From: Jan Lindström [mailto:jan.lindstrom@mariadb.com]
Sent: 14 May 2015 06:14
To: Rhys Campbell
Cc: maria-discuss@lists.launchpad.net
Subject: Re: [Maria-discuss] Innodb Page Compression

 

 

 

On Wed, May 13, 2015 at 6:00 PM, Rhys Campbell <Rhys.Campbell@tradingscreen.com> wrote:

 

1.       Why when trim is not used is the db size unchanged apart from lzma?

 SET GLOBAL innodb_compression_algorithm effects only new tables, it does not change existing tables. If you want to change compression algorithm for existing table you need to do:

SET GLOBAL innodb_compression_algorithm = lzo;

CREATE TABLE t1 (a int not null primary key, b char(200)) engine=innodb page_compressed =1; -- uses lzo

SET GLOBAL innodb_compression_algorithm = lz4; -- no change to existing tables

ALTER TABLE t1 ENGINE=InnoDB; -- noe table t1 uses compression algorithm lz4;

2.       Why is the compressed size the same for all algorithms?

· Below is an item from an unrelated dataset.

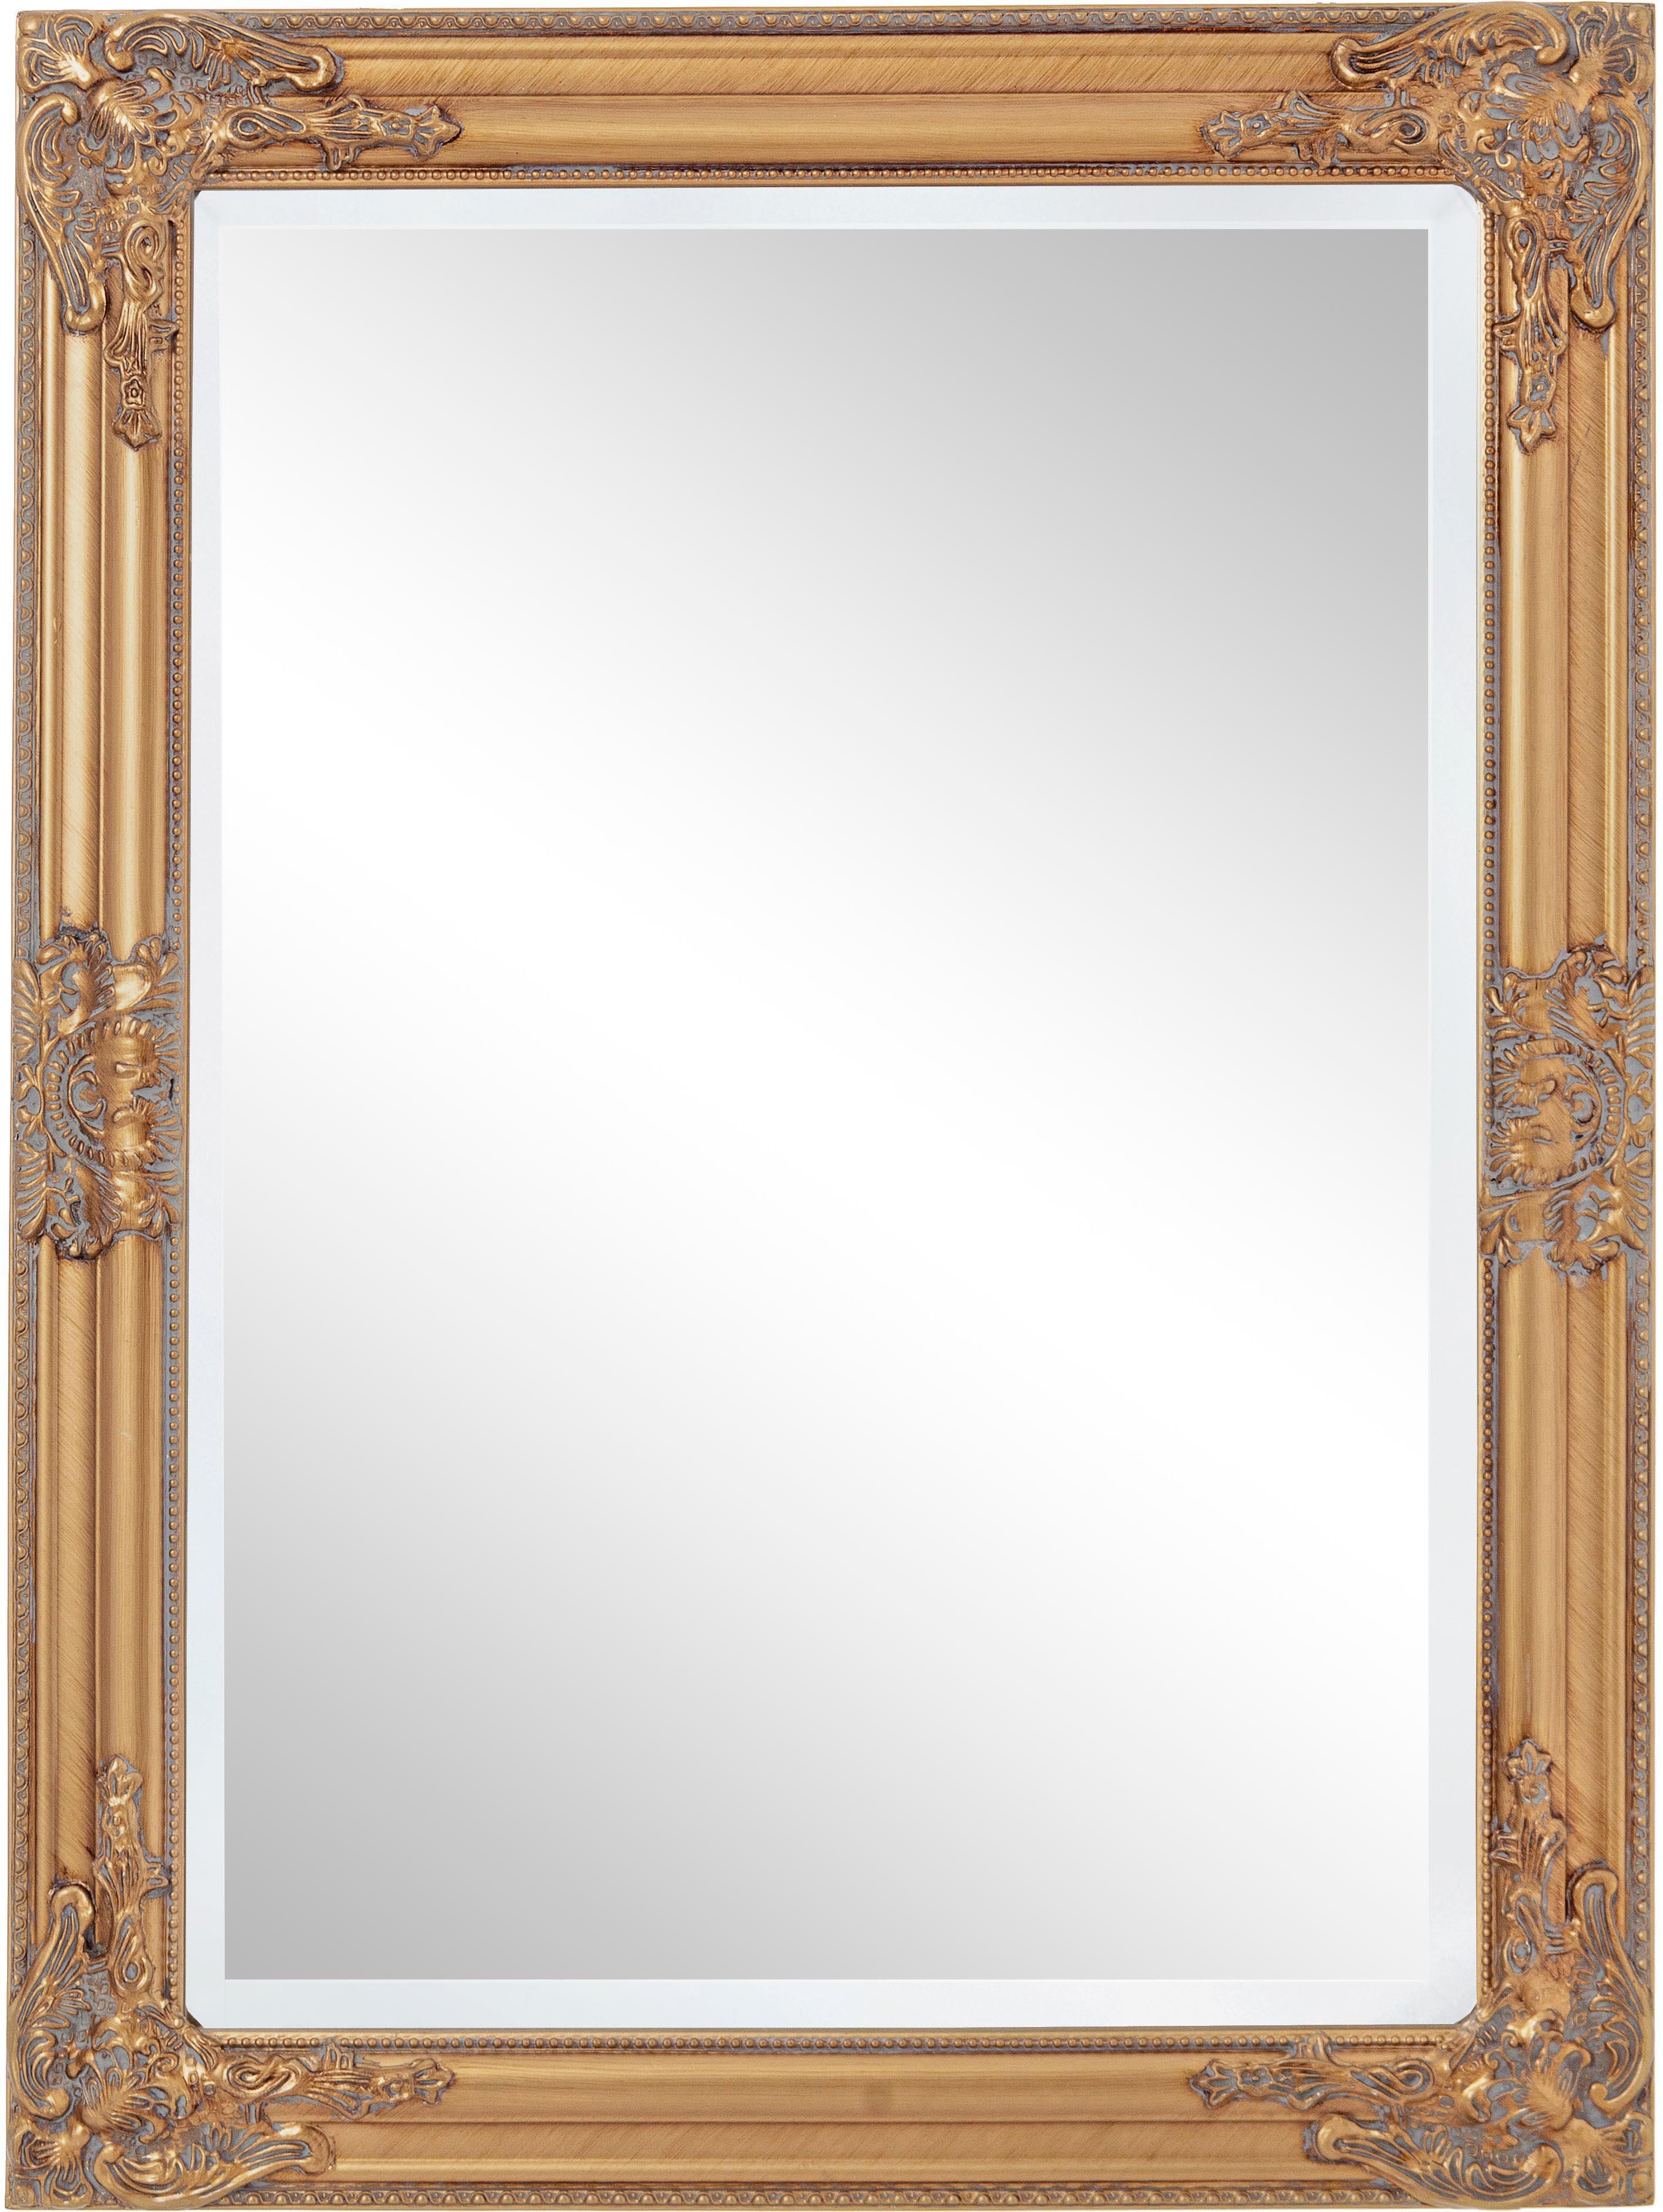 Wandspiegel Miro met goudkleurige lijst in antieke look, Lijst: gecoat hout, Goudkleurig, 62 x 82 cm
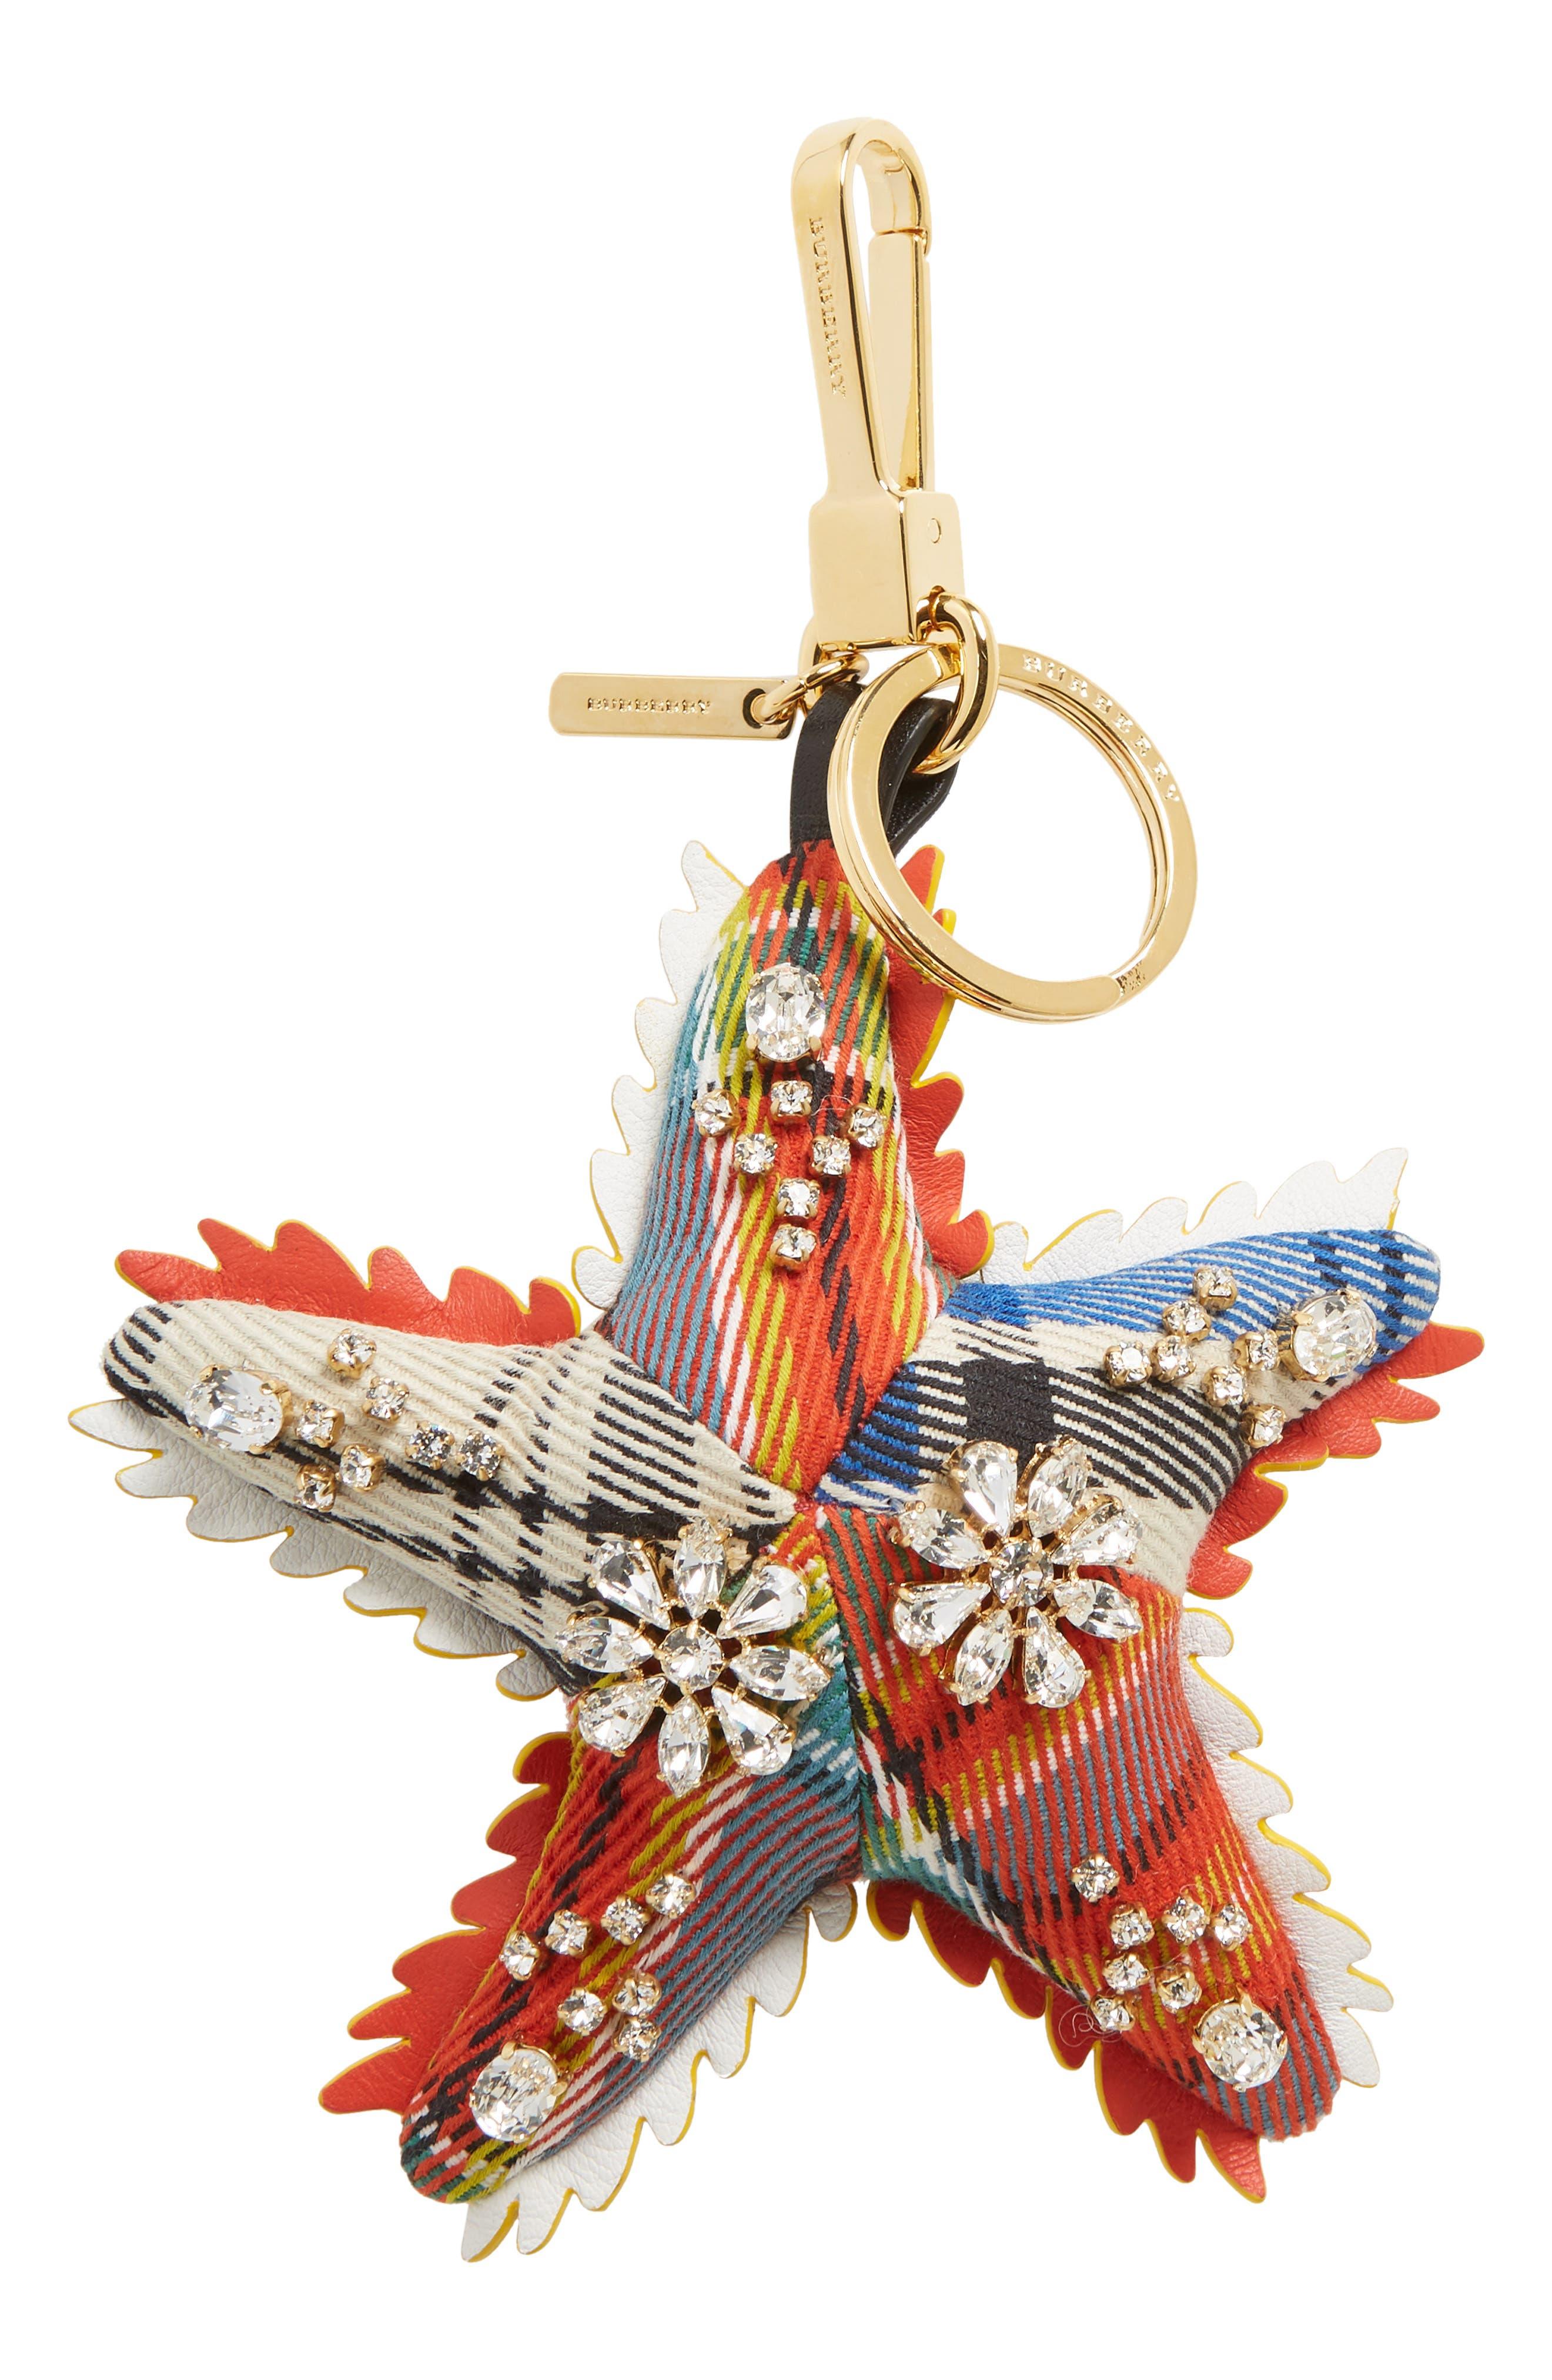 Phil the Starfish Cashmere Bag Charm,                             Main thumbnail 1, color,                             Orange Multi

Is the correct algorithm being used?

No

3.       Can I confirm which algorithm has been used for a page. I can’t see anything in information_schema

Not really at the moment, I need to think about adding support for this.

4.       Status variables / info schema not working?

 

Status variables work only if pages are really compressed or decompressed see 1)

5.       ALTER TABLE … PAGE_COMPRESSED = 1 doesn’t work. Must I always do a full dump & load to enable page compression?

 

You have incorrect syntax.  ALTER TABLE departments ROW_FORMAT=COMPRESSED means legacy row-compression and if departments table is page compressed you need to specify

ALTER TABLE departments ROW_FORMAT=COMPRESSED PAGE_COMPRESSED=DEFAULT;

 

 

6.       Lzma/9 compression is not that impressive. Is it meant to rival tokudb? (converting to tokudb results in a db size of ~ 54MB and this includes logs!)

See 1) tokudb might use different version of lzma as they use bundled one.